Problem requirements => When you reach the line below that has "Botswana Agate Pendant", start returning lines exactly, and stop after the line that has "AUDCAD is standing"; skip the pictures.

Task material =>
****
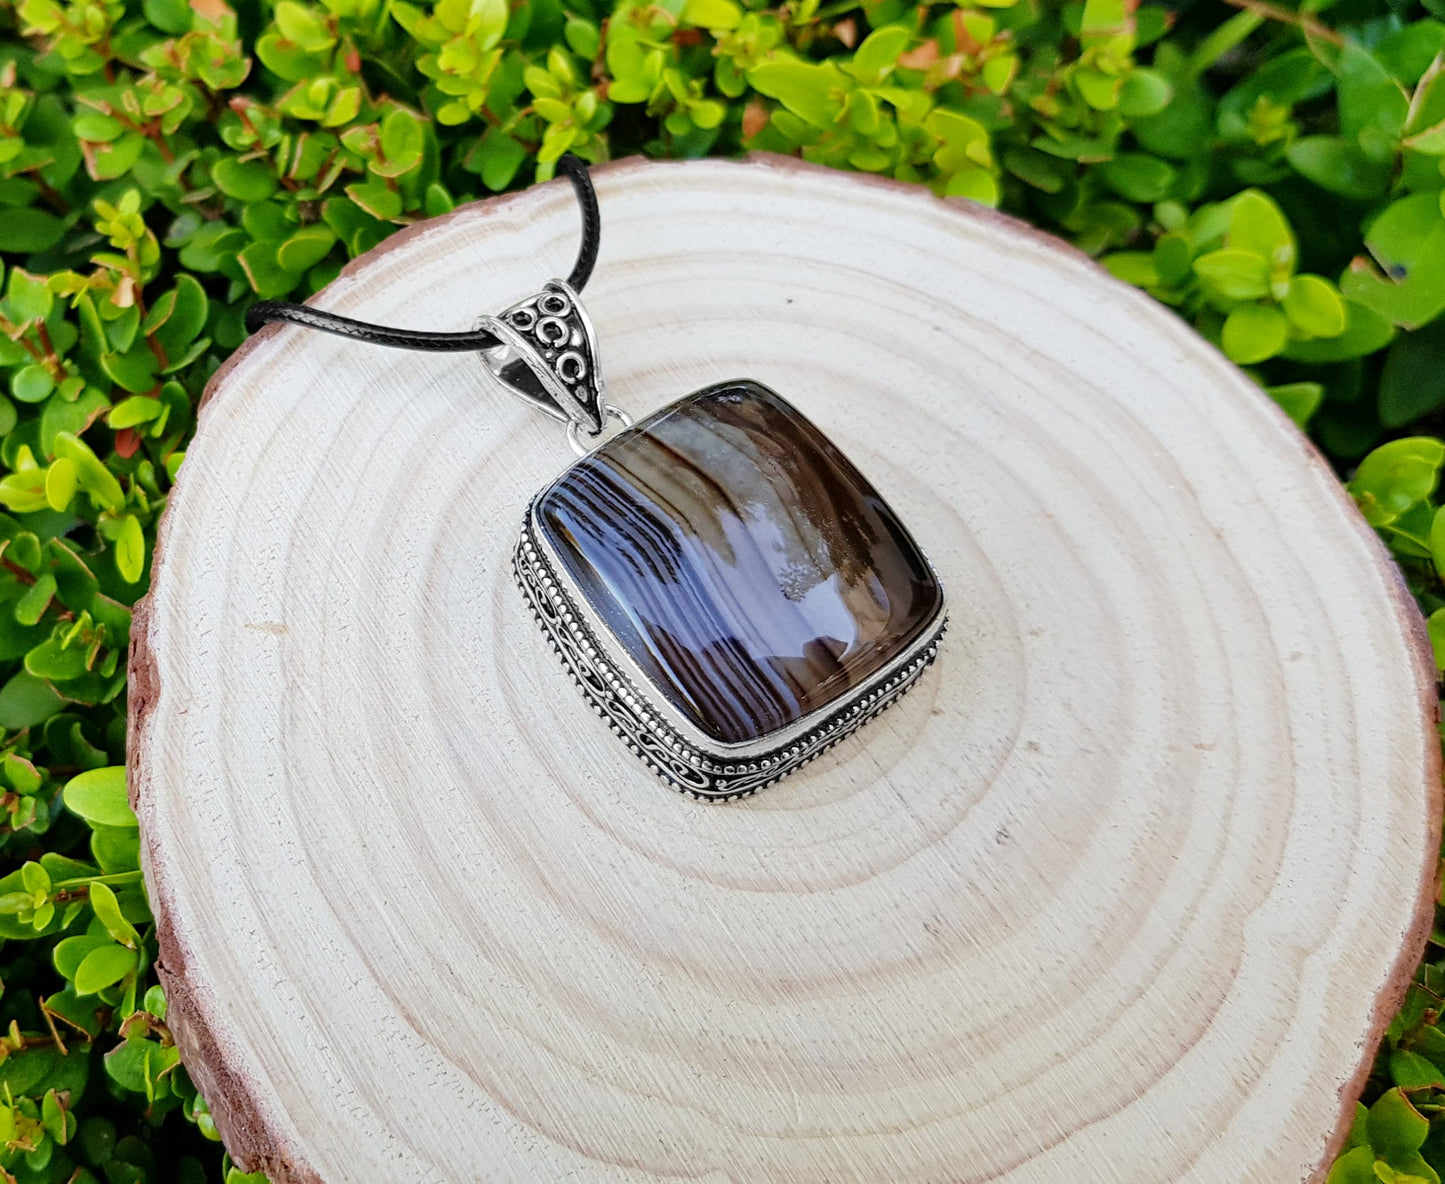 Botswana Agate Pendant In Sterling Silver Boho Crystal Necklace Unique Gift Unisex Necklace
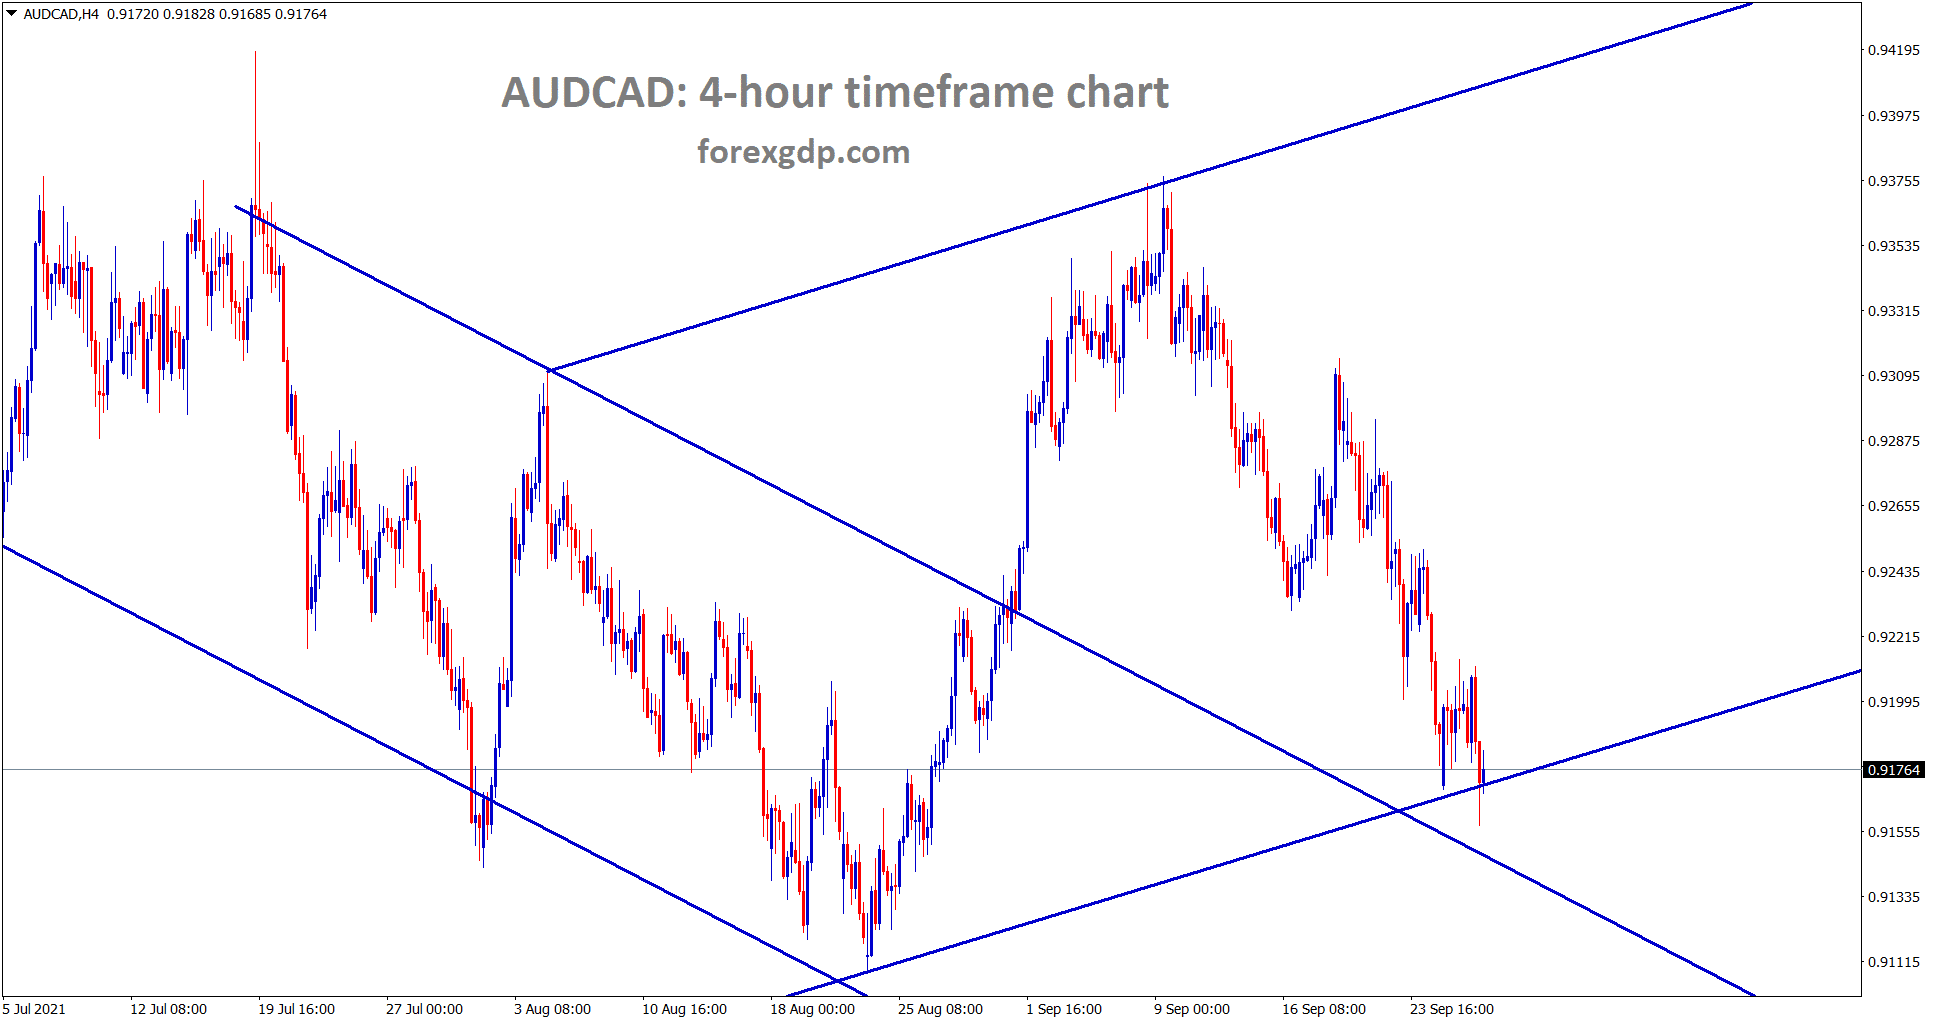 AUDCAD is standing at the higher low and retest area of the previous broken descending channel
****
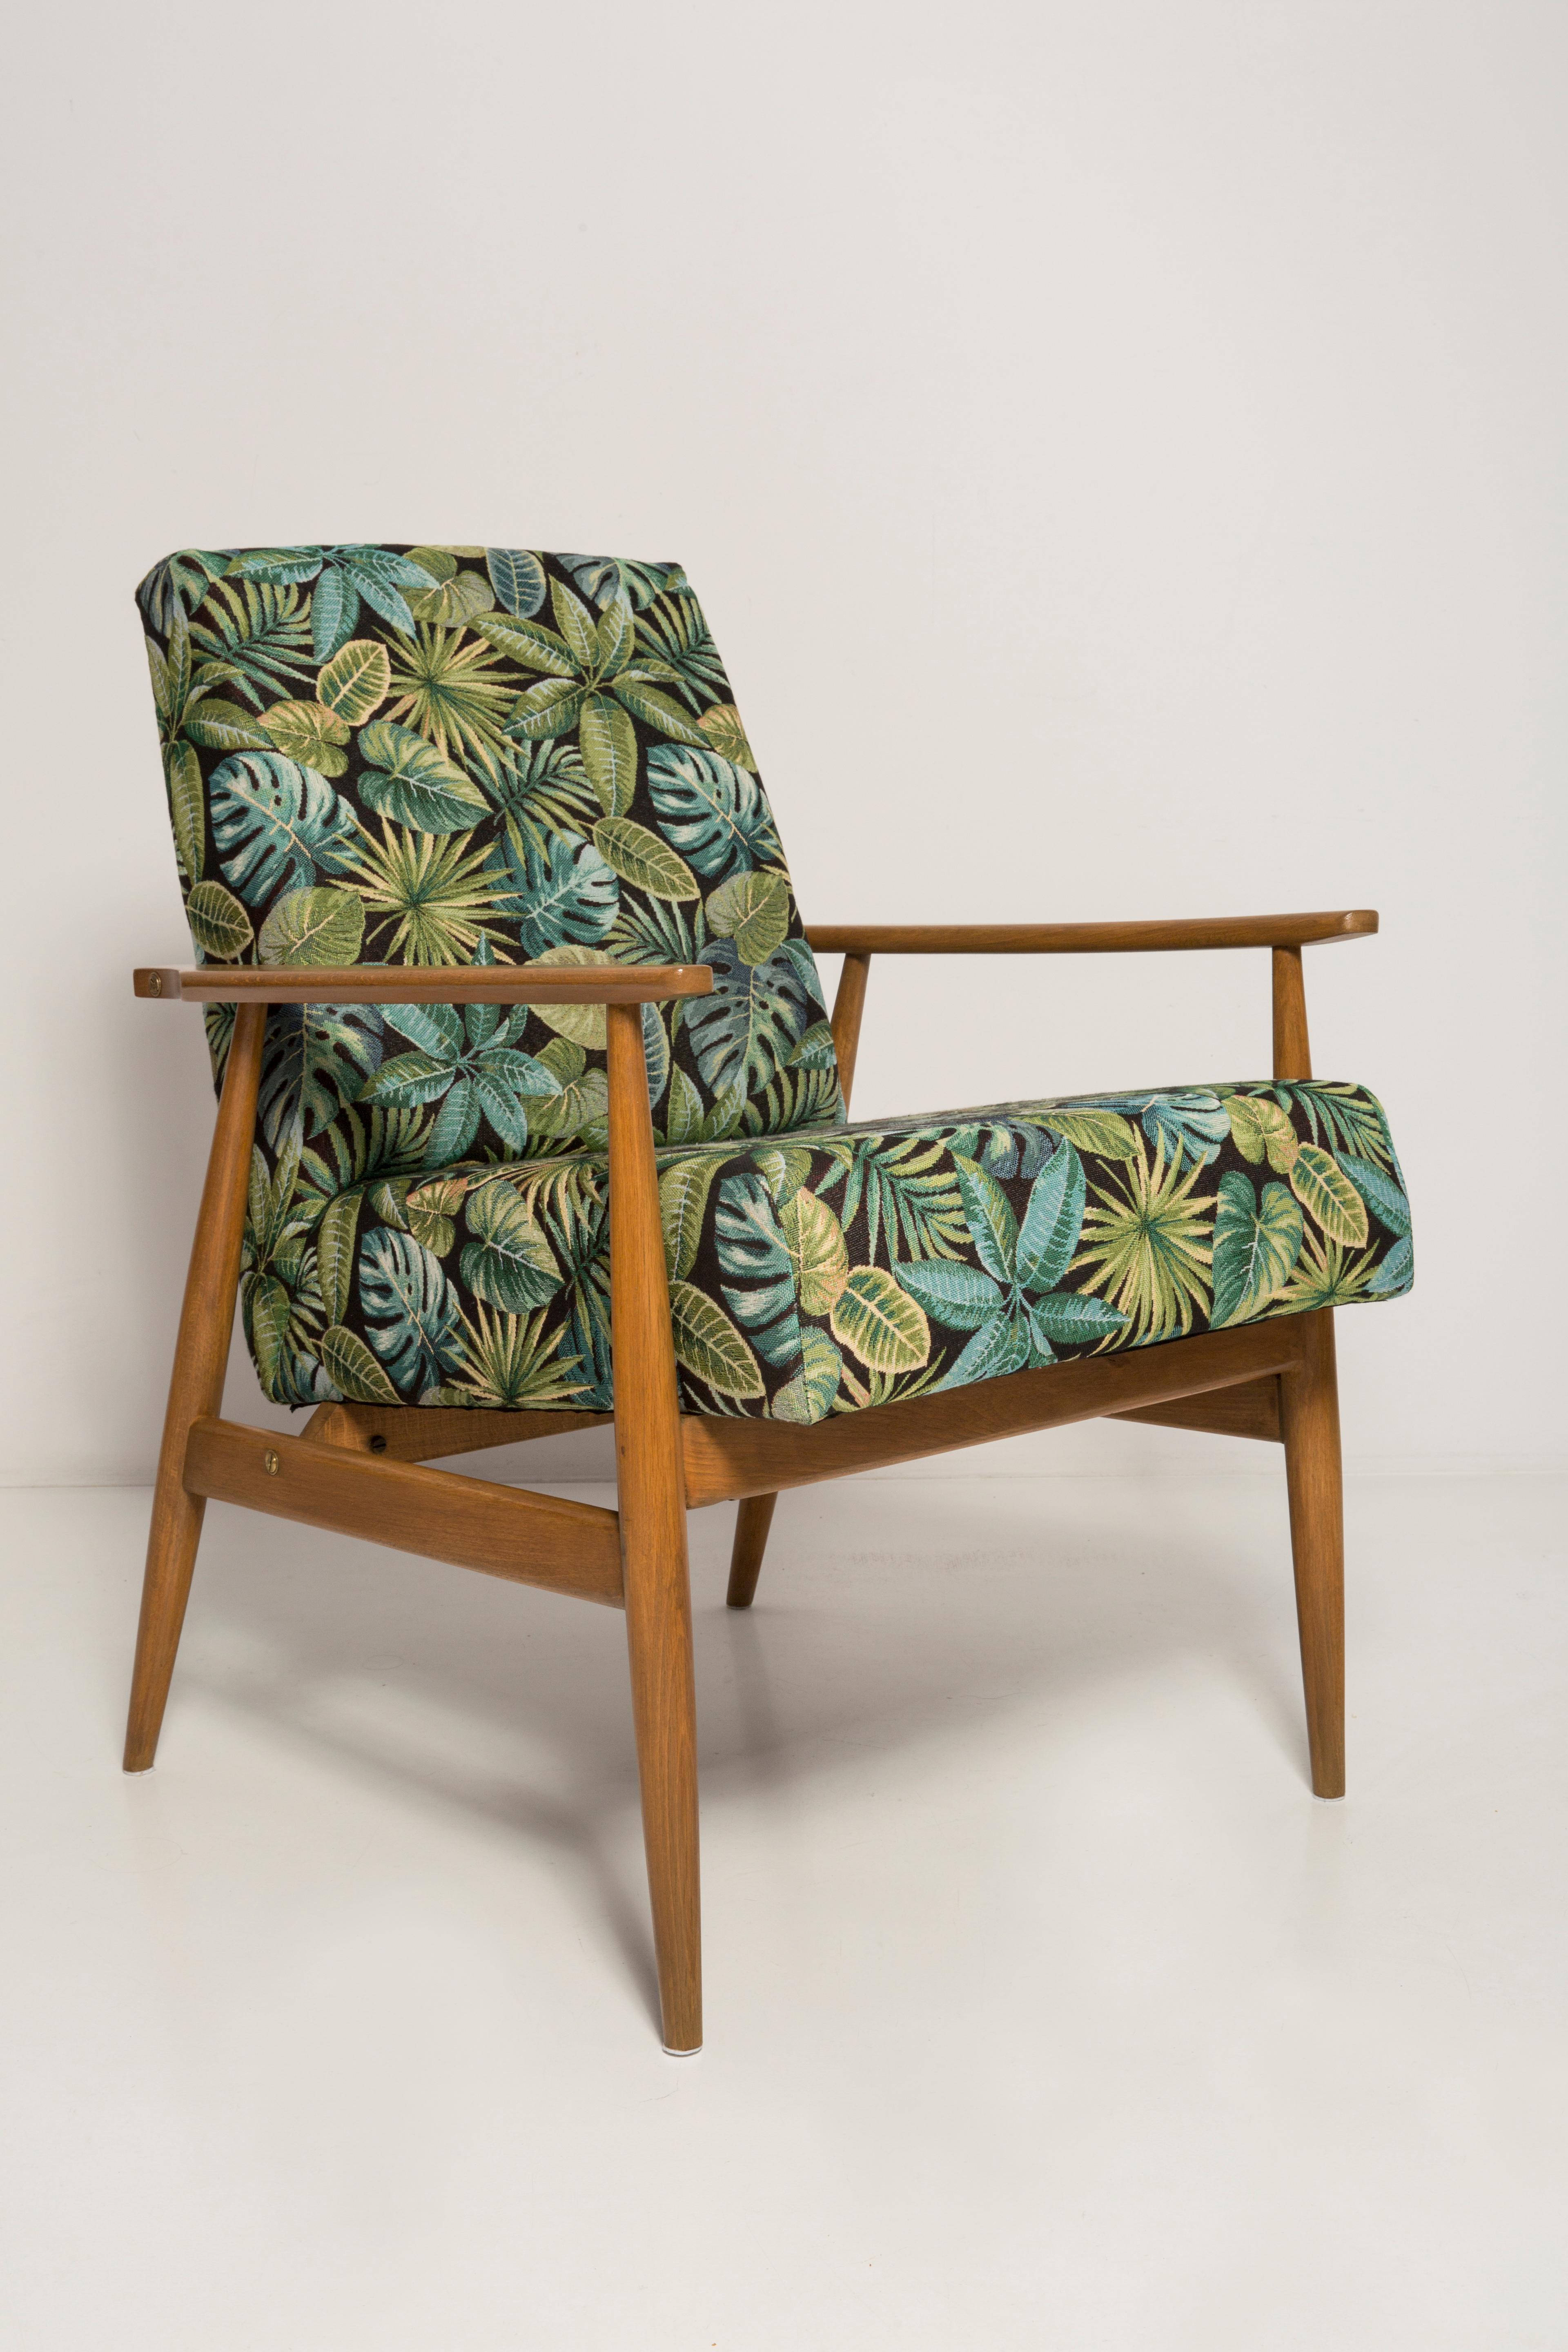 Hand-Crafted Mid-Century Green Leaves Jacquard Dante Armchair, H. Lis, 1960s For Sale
****
Solution to the problem =>
 Botswana Agate Pendant In Sterling Silver Boho Crystal Necklace Unique Gift Unisex Necklace
 AUDCAD is standing at the higher low and retest area of the previous broken descending channel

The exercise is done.